US stock futures tracking the broader market rallied over 1% on Monday, putting Wall Street poised to open in an upbeat mood as investors brace for a busy week of earnings which will provide insight into how businesses are dealing with growing macro headwinds. Bank of America jumped over 3% in premarket trading after reporting quarterly results that surprised investors on the upside. Still, the second-largest US bank joined other big banks, including JPMorgan, in posting a drop in third-quarter profit, signaling a wobble in global financial markets and the effect of tightening monetary conditions. Heavyweight technology names, including Tesla, Netflix, and Snap, will also release quarterly reports later this week. On top of that, the British government's U-turn on its fiscal plan, with newly-appointed Finance Minister Jeremy Hunt's announcing that it will reverse almost all previous tax measures, allowed risk-taking to resume.

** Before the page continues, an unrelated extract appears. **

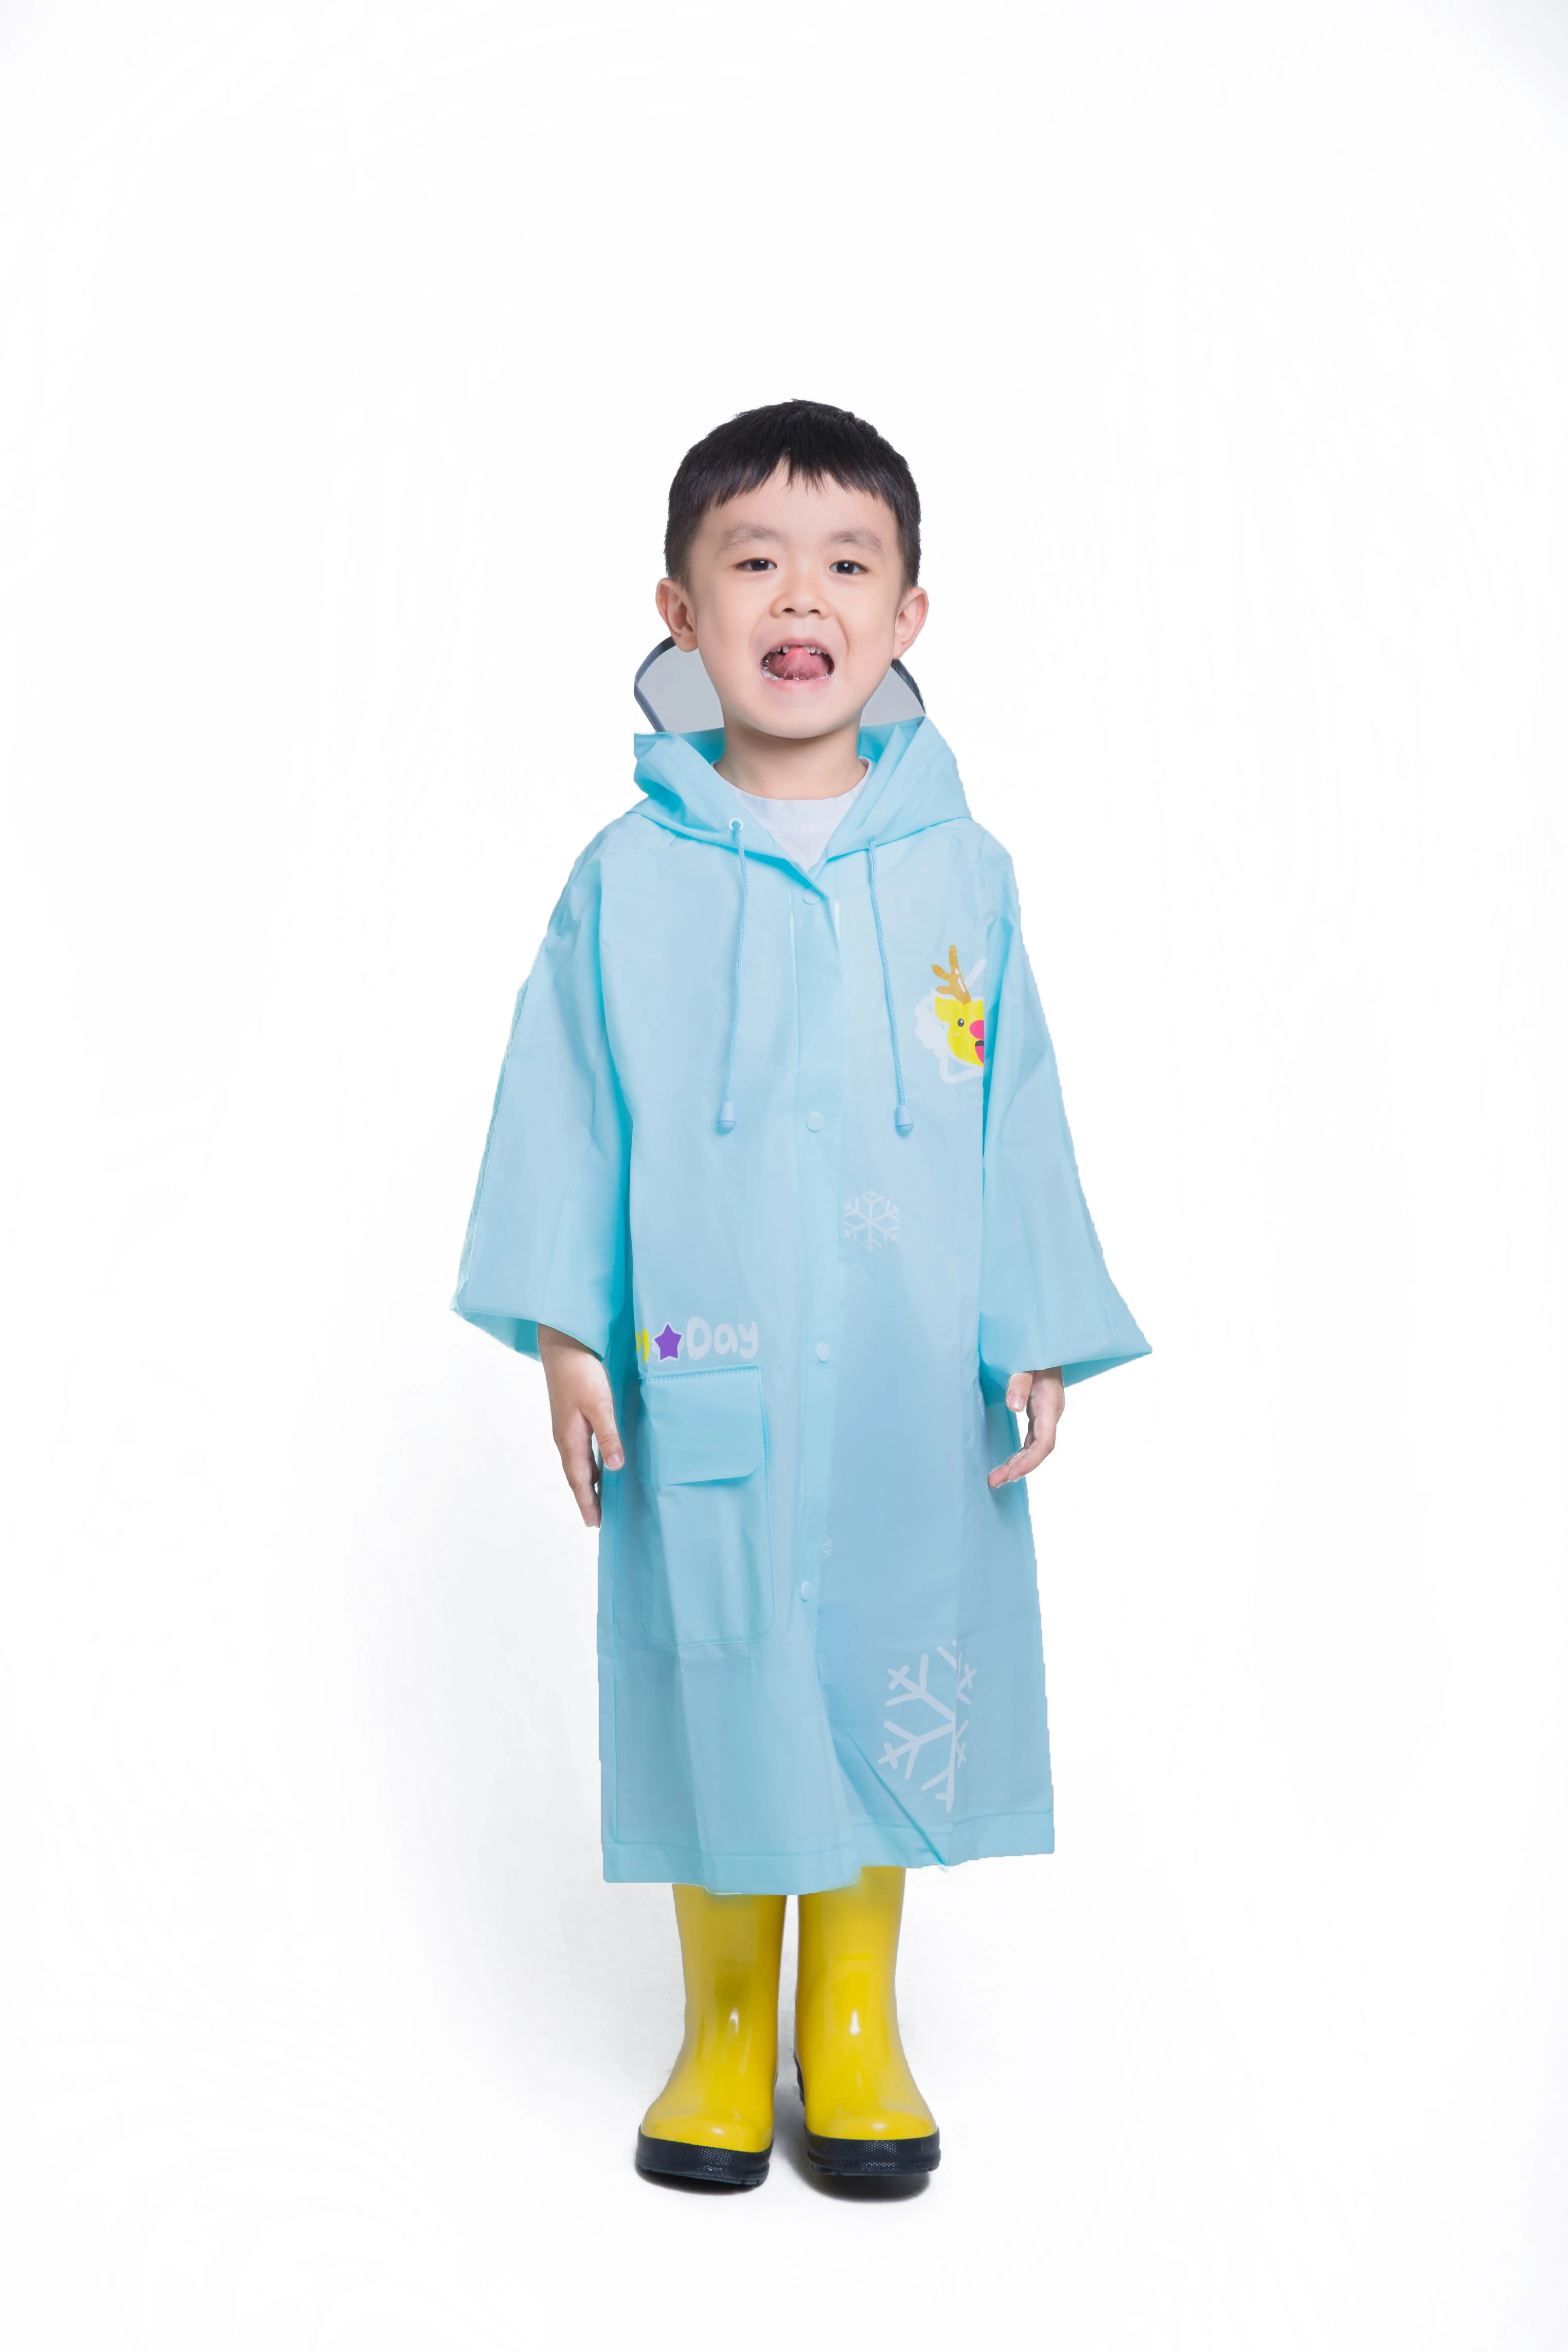 Raincoat Manufacturer Wholesale Rainsuit Kid Childrens Raincoat with Hoods Sleeved Poncho of Crius 9103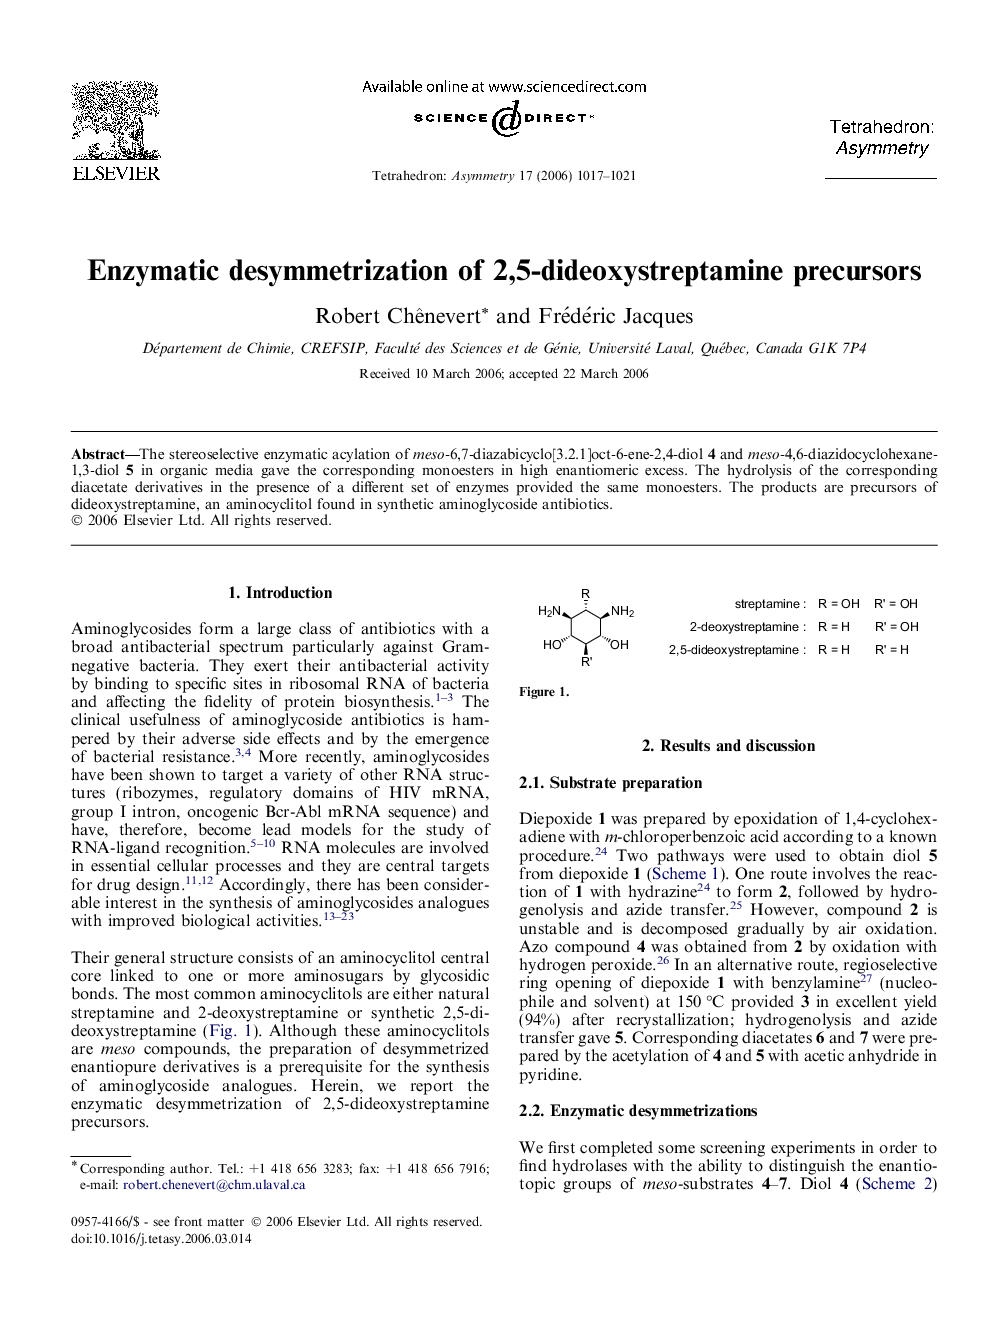 Enzymatic desymmetrization of 2,5-dideoxystreptamine precursors

The United States 10-year Treasury yield, the benchmark for borrowing costs worldwide, bottomed around 3.95%, moving away from a 14-year peak of 4.10% touched last week. The market movement came along with a sharp rally in gilt markets as investors welcomed the UK's government U-turn on its fiscal plan. New finance minister Jeremy Hunt said the government would reverse almost all the tax changes announced in the mini-budget several weeks ago. Still, market participants continued to worry over high inflation and interest rates and their impact on the economy. Last week, a hot US inflation reading and a report from the University of Michigan showing that US year-ahead inflation expectations rose for the first time since March slashed any hopes of a policy pivot.